The leader seemed to be trying to control his temper.
Don't suppose he liked being told that to his face. Don't suppose I care what he likes, either.
“We ask that this summer, you raid as deeply into the remainder of the plaztatic world as you can, destroy everything you can, especially anything that will be hard for them to replace, smash them down so that there is less chance that they will come back up. We would like you to take as many of our warriors with you as you can.”

Robert shrugged. “If I decide to do that, I will take along as many as you send me. And I will use them first; no reason to kill my own people, if you're giving me people to kill in place of them.”
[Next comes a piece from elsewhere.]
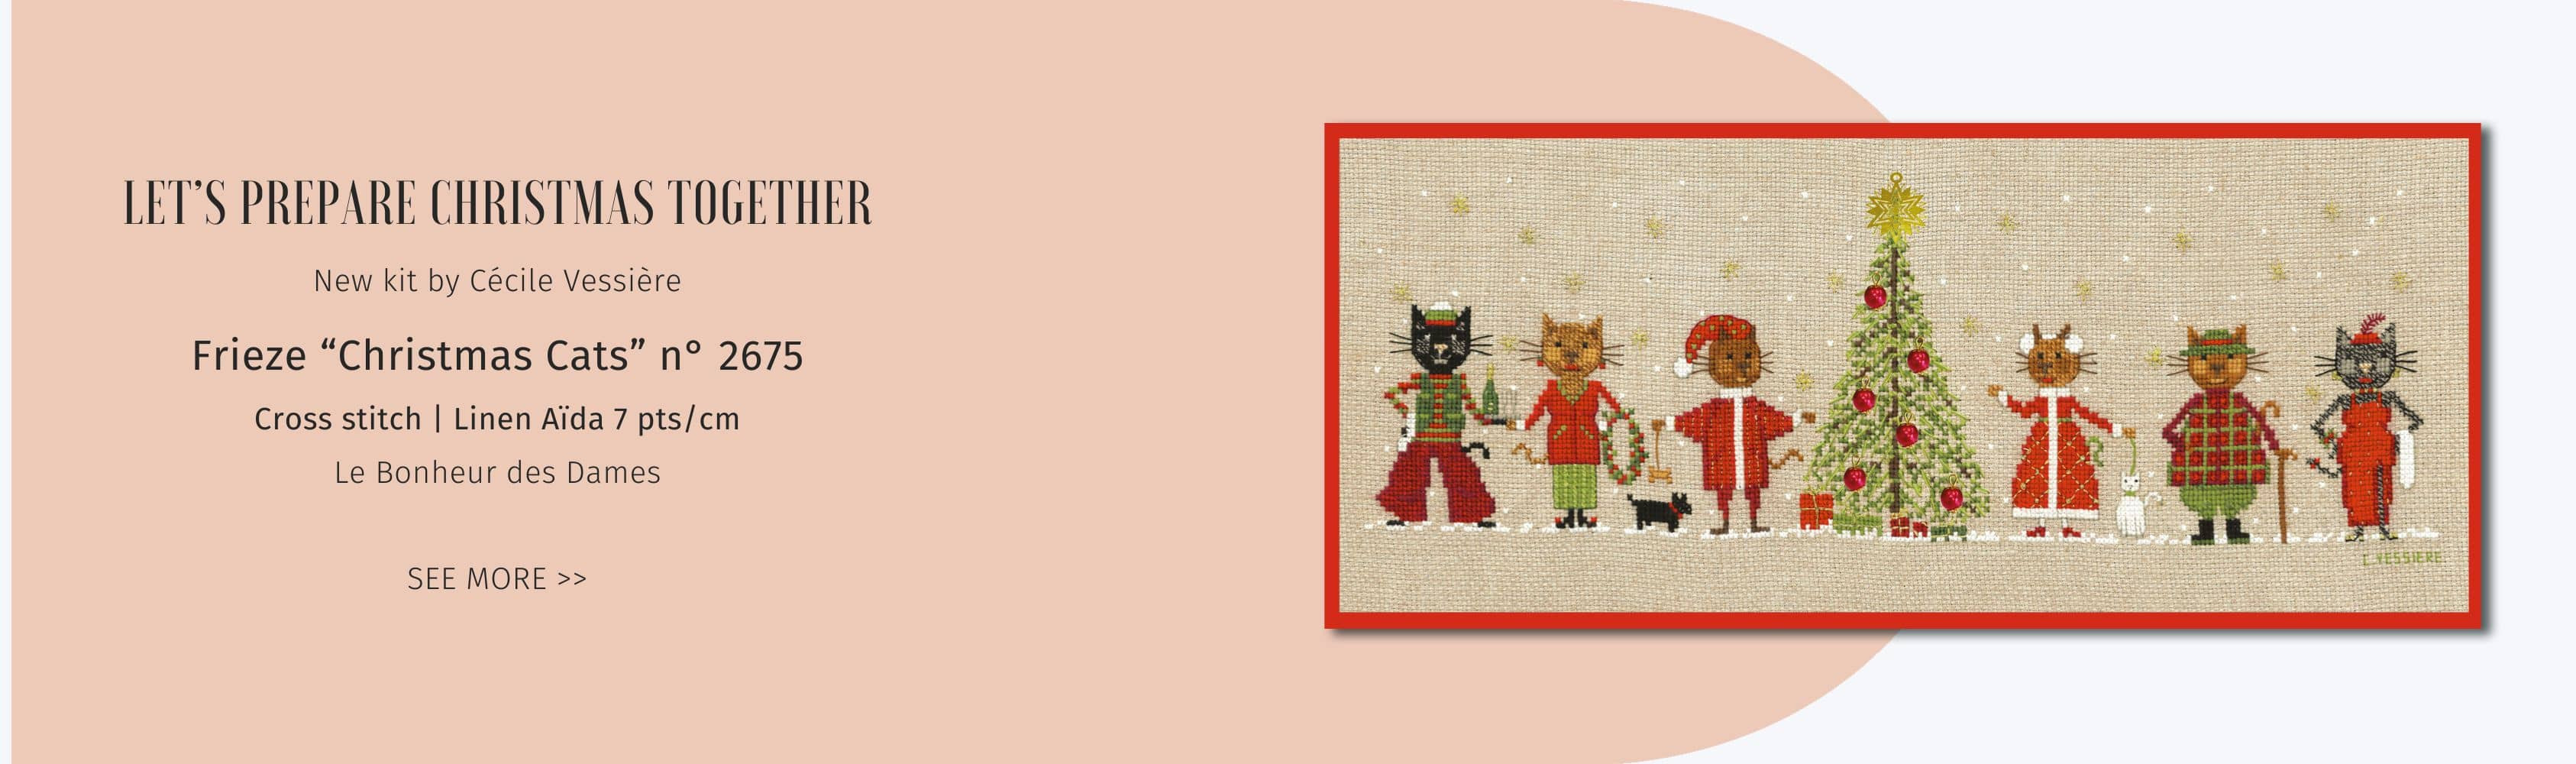 Christmas Cats Frieze. New counted cross stitch on 7 pts/cm linen Aida. Le Bonheur des Dames n° 2675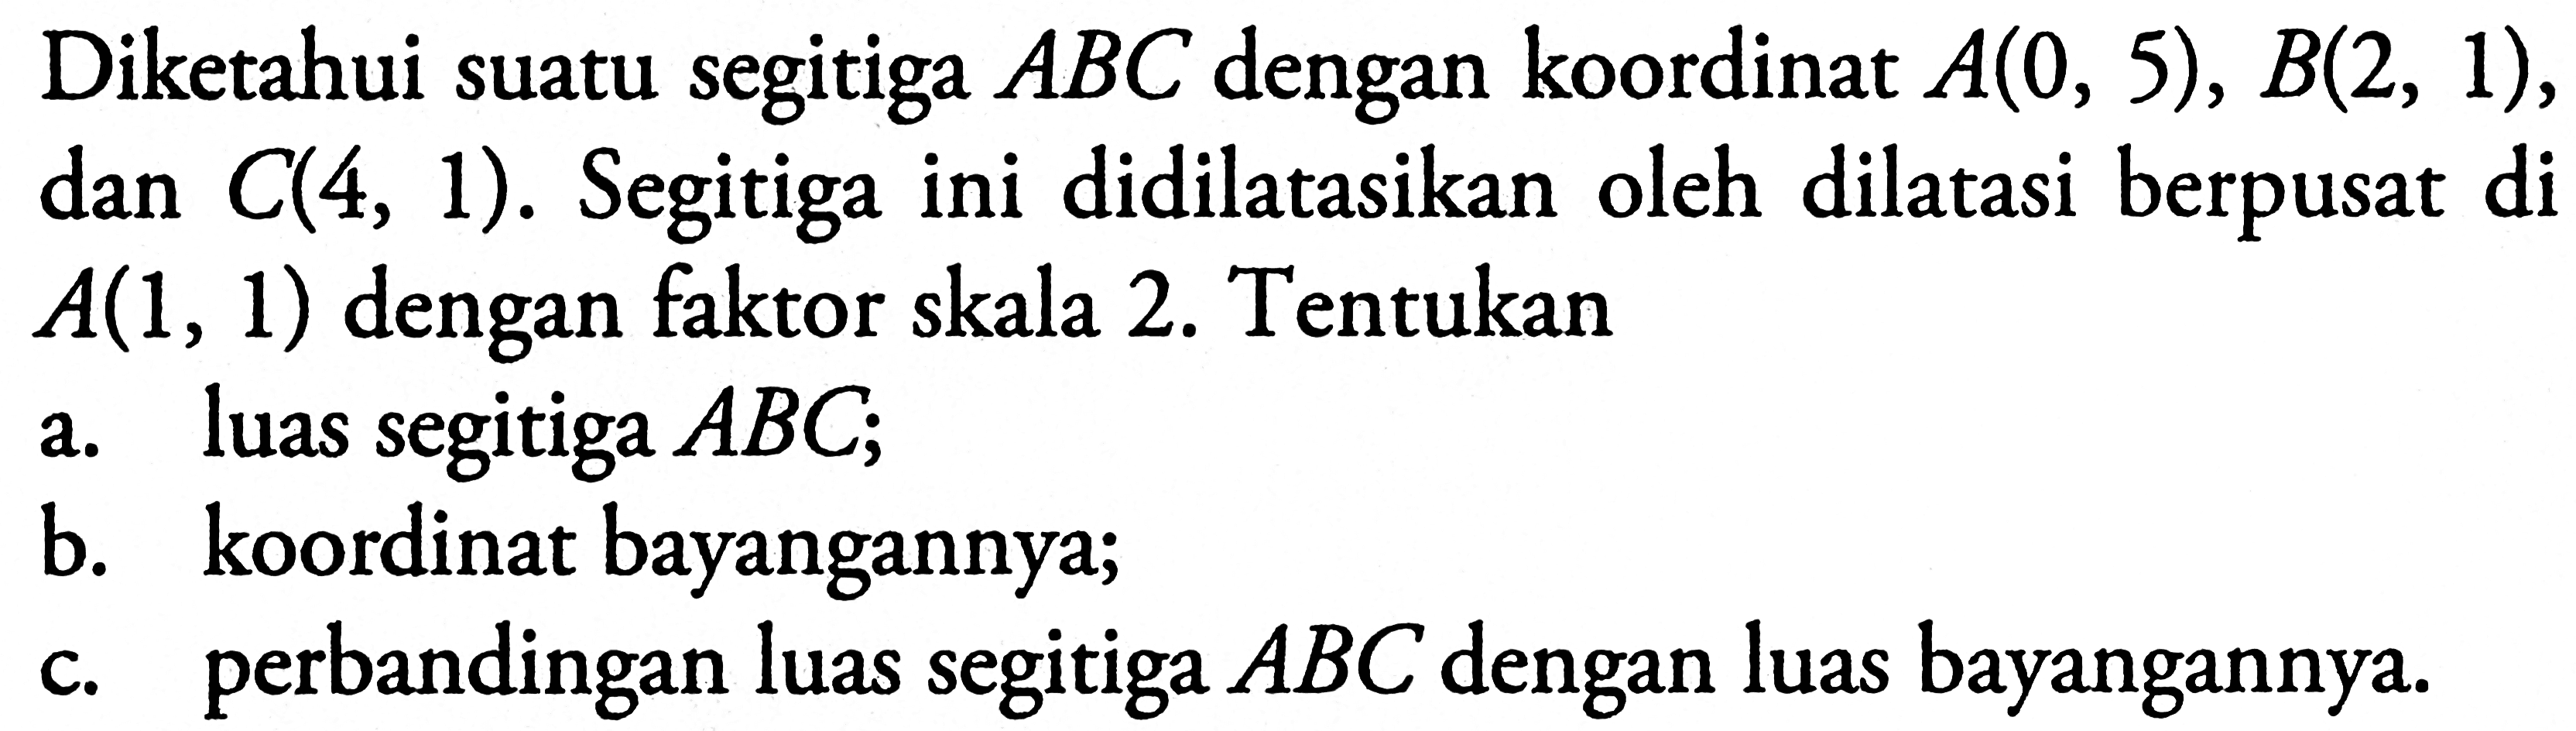 Diketahui suatu segitiga ABC dengan koordinat A(0, 5), B(2, 1), dan C(4, 1). Segitiga ini didilatasikan oleh dilatasi berpusat di A(1, 1) dengan faktor skala 2. Tentukan a. luas segitiga ABC; b. koordinat bayangannya; c. perbandingan luas segitiga ABC dengan luas bayangannya.

“We expected an answer somewhat in this kind. We're prepared to send you much larger forces, and to call up the tribes from other areas like the Ouachitas and the southern mountains, to support your effort. But we are giving them to you so that you can conduct this great raid.”

“And because you're out of resources and you need to get rid of them before they get too hungry. This way they can either eat by raiding all summer, or die raiding, but either way they're not at home to be disillusioned with Daybreak, the way my people got to be, before I gave them the version that works.”